For years I laughed at my father doing his morning yoga. I thought it was boring, really non-intensive and frankly not inspirational. Looking at the Pilates class curriculum in the US, I saw how much of the core abdominal strength came from yoga asanas.
In Thailand I saw how much of the famous Thai massage was influenced by yoga, where every move was a guided asana. In the Bikram Yoga/Power Yoga class in Bangkok, I was the only Indian and I was the only one who could not manage the complex asanas while my Australian and Thai classmates went from stretch to stretch and asana to asana with ease, looking at me with shades of bewilderment.
As an Indian I was supposed to have a head start on this stuff. Well I huffed and puffed my way through to respectable completion but not before vowing to get a fix on Patanjali.
What was the point I had missed, I wondered? Was it the fact that there was more flexibility and experimentation in the eastern approach to yoga than I related to? Yet for the final fix I found everything falling into place only when I went to the Yoga Institute in Santa Cruz, Mumbai, and saw how ashtanga yoga was a holistic approach to balanced living.
My grandfather was a well-known vaidya of his time but as far as we were concerned, ayurveda was yuck—chyawanprashes, Charaka and churans. Pink and blue pills were infinitely more interesting. And in later years I must admit I have found it easier to read New Age motivator Deepak Chopra on ayurveda rather than my grandfather’s texts even though purists may scoff.
At a spiritual retreat in Bodh Gaya in Bihar, Martin, a young dharma teacher based in France, asked me if I knew his guru who lived in the Himalayas. Of course I didn’t. I didn’t know anyone who lived in the Himalayas for that matter but it did get me thinking. Years later, I did track down Martin’s guru Satchidananda Maharaj in a small kuti in Dharamkot above McLeod Ganj near Dharamsala.
We had a wonderful conversation on existence and God and how Indians were losing the plot while westerners came with more discipline. With hot sooji halwa made by the guru himself, it was my first encounter
with a honest-to-goodness Indian guru from the Himalayas. But he came to me via the French Pyrenees. My list of rediscovery can go on.
In Bodhgaya, Yvonne, a teacher in the Buddhist tradition, asked me if I knew her guru in Shirdi, 285 km from Mumbai. Yes I did, I said confidently. But her guru was not Sai Baba; he was a living guru whose artis and bhajans are famous in Shirdi.

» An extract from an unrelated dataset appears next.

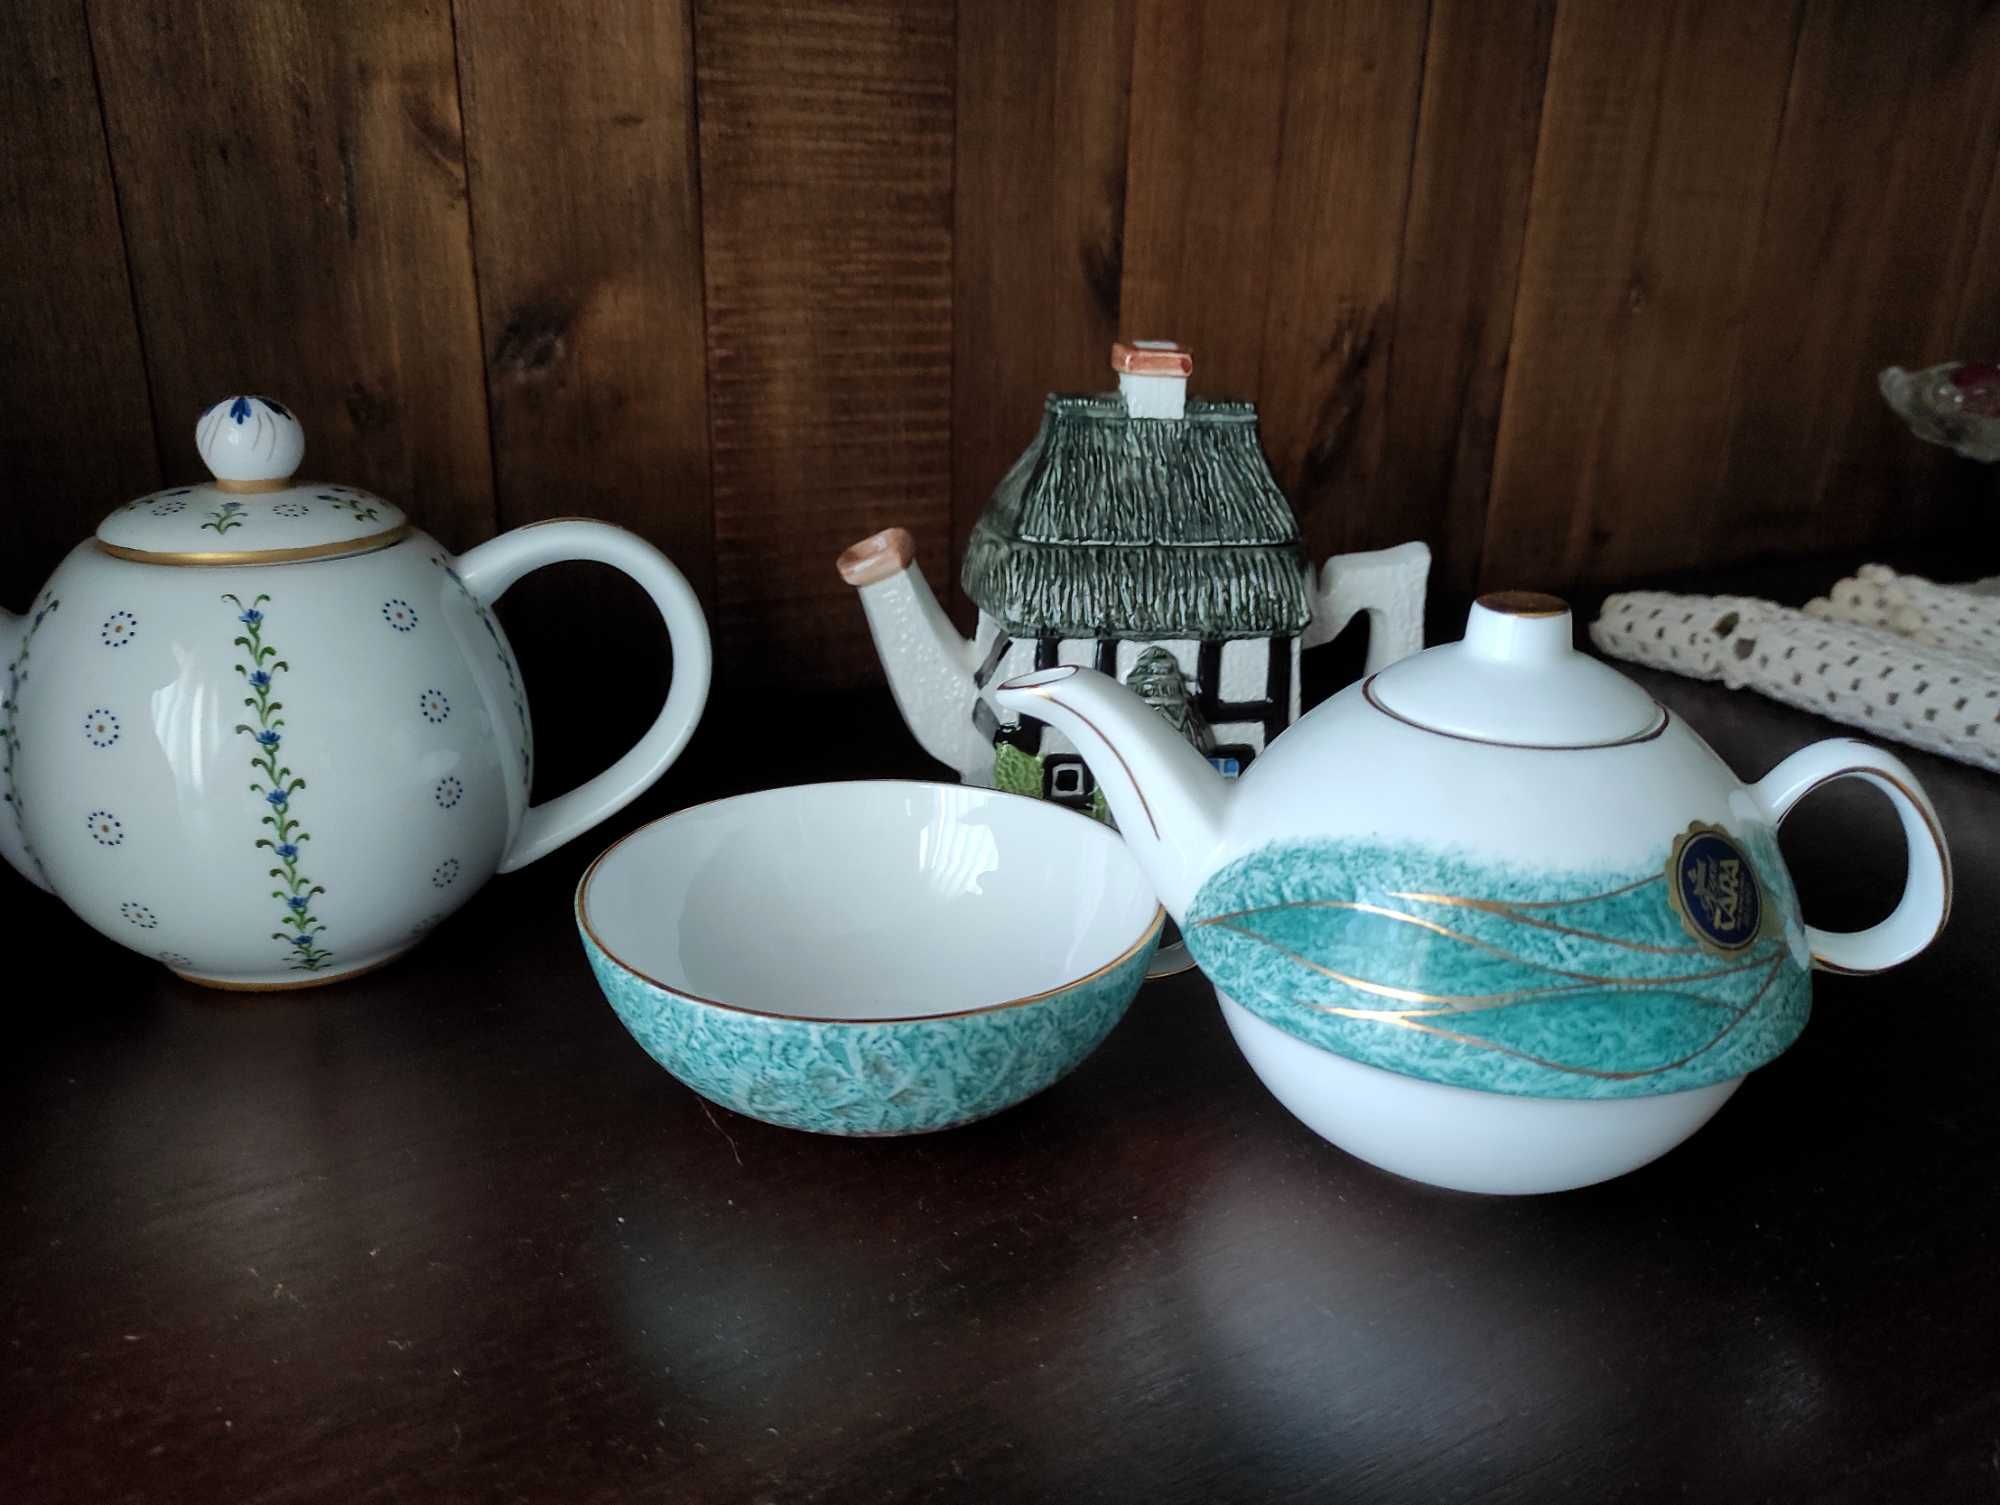 Bules de chá em porcelana lindos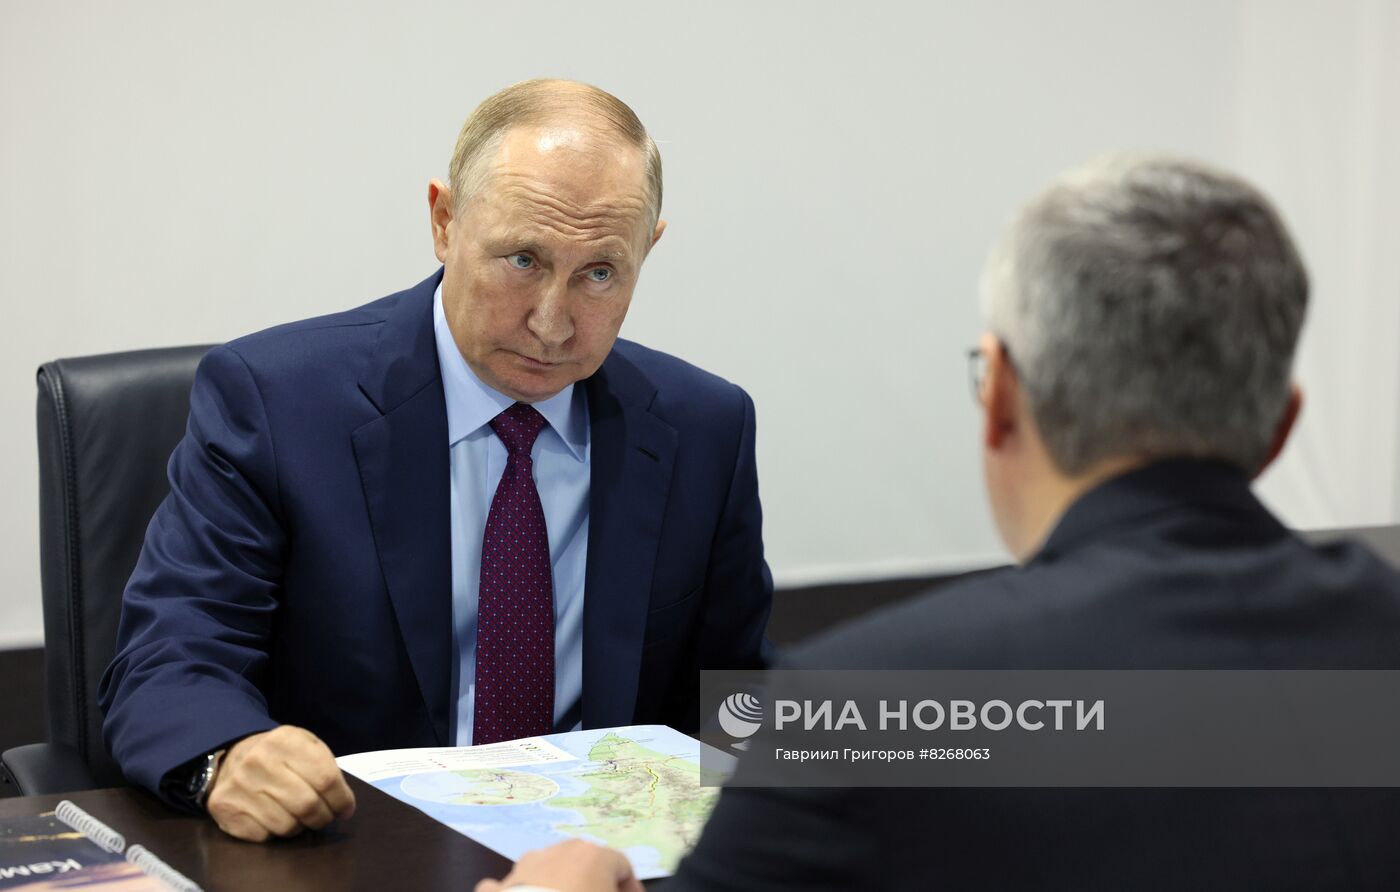 Рабочая поездка президента РФ В. Путина в Петропавловск-Камчатский

Even Ramesh Balsekar, who is the last living disciple of Nisargadatta Maharaj and who I discovered was almost my neighbour in Mumbai, was first introduced to me along with advaita philosophy by a western teacher named Christopher Titmus.
In the cross-cultural churning everyone else seemed better informed about India while I knew a lot about Europe and the US. I suppose it comes from being part of a generation that did not state confidently, “we are like this only” but wanted to be like them only.

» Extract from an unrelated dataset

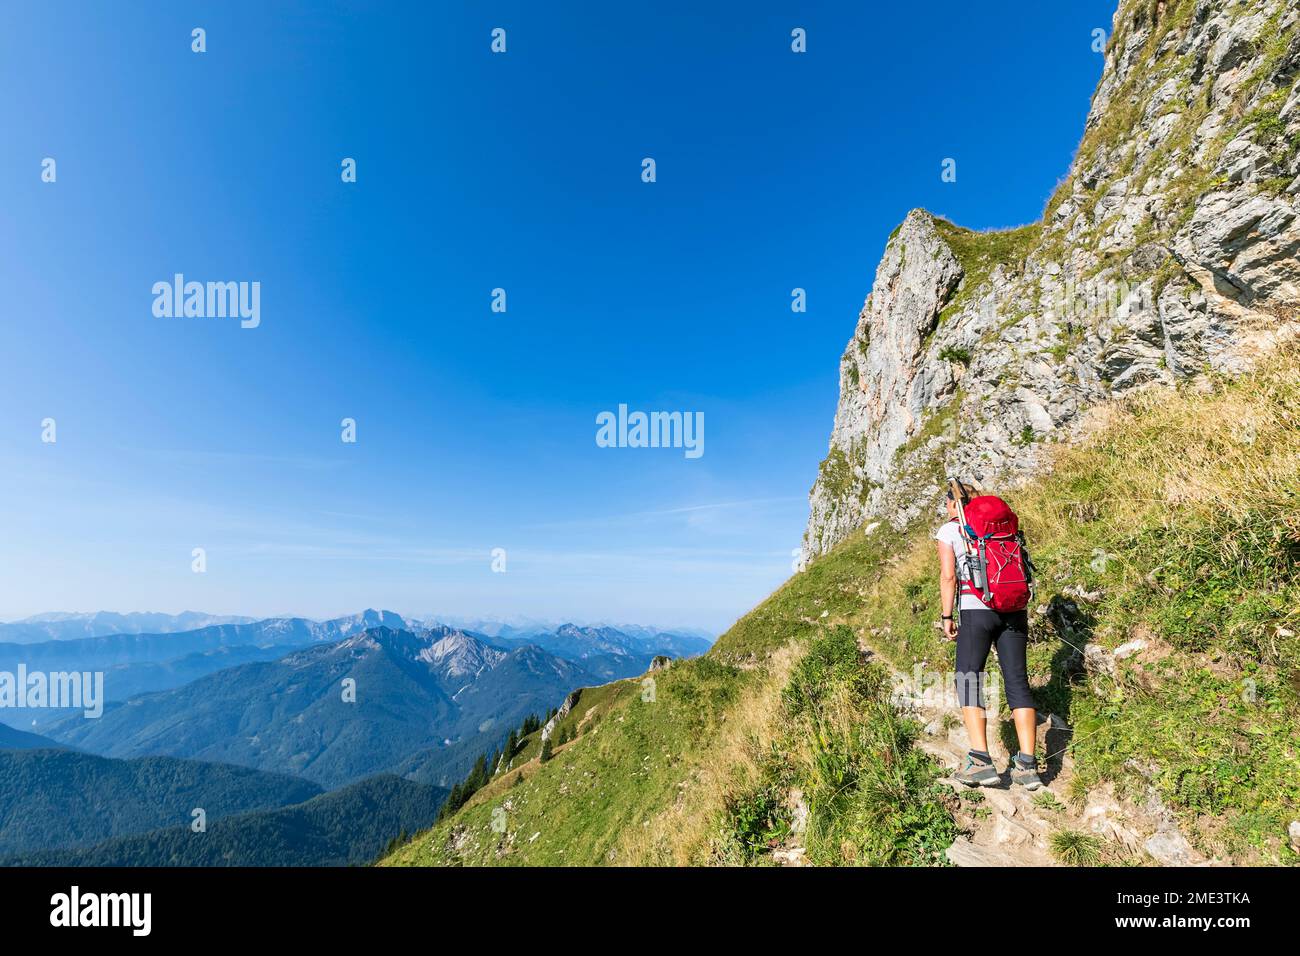 Germania, Baviera, escursionista femminile sulla strada per la cima del monte Taubenstein Foto Stock

Many of us opted for westernised worldviews—our degrees were from the best institutes in India and the US. And when it came to jobs, the World Bank, electronic media and investment banking were among the milestones of our success.
And while we were discovering the world outside, India was being co-opted by the world. A bit like cotton going to Manchester and returning as an expensive cloth. Ayurveda is being repackaged brilliantly in America and will soon be re-sold in India. So will tantra, sattvik food, meditation, neem and so on.
Our post-Sony playstation generation next may well believe yoga is an American fitness regime, ayurveda a branch of allopathy, and that the Buddha stopped off in California en route to Kushinagar. But it is never too late to come home. Back to the source… Like Coomar I have learnt to appreciate the richness of my own culture. But not before discovering and exploring the world outside.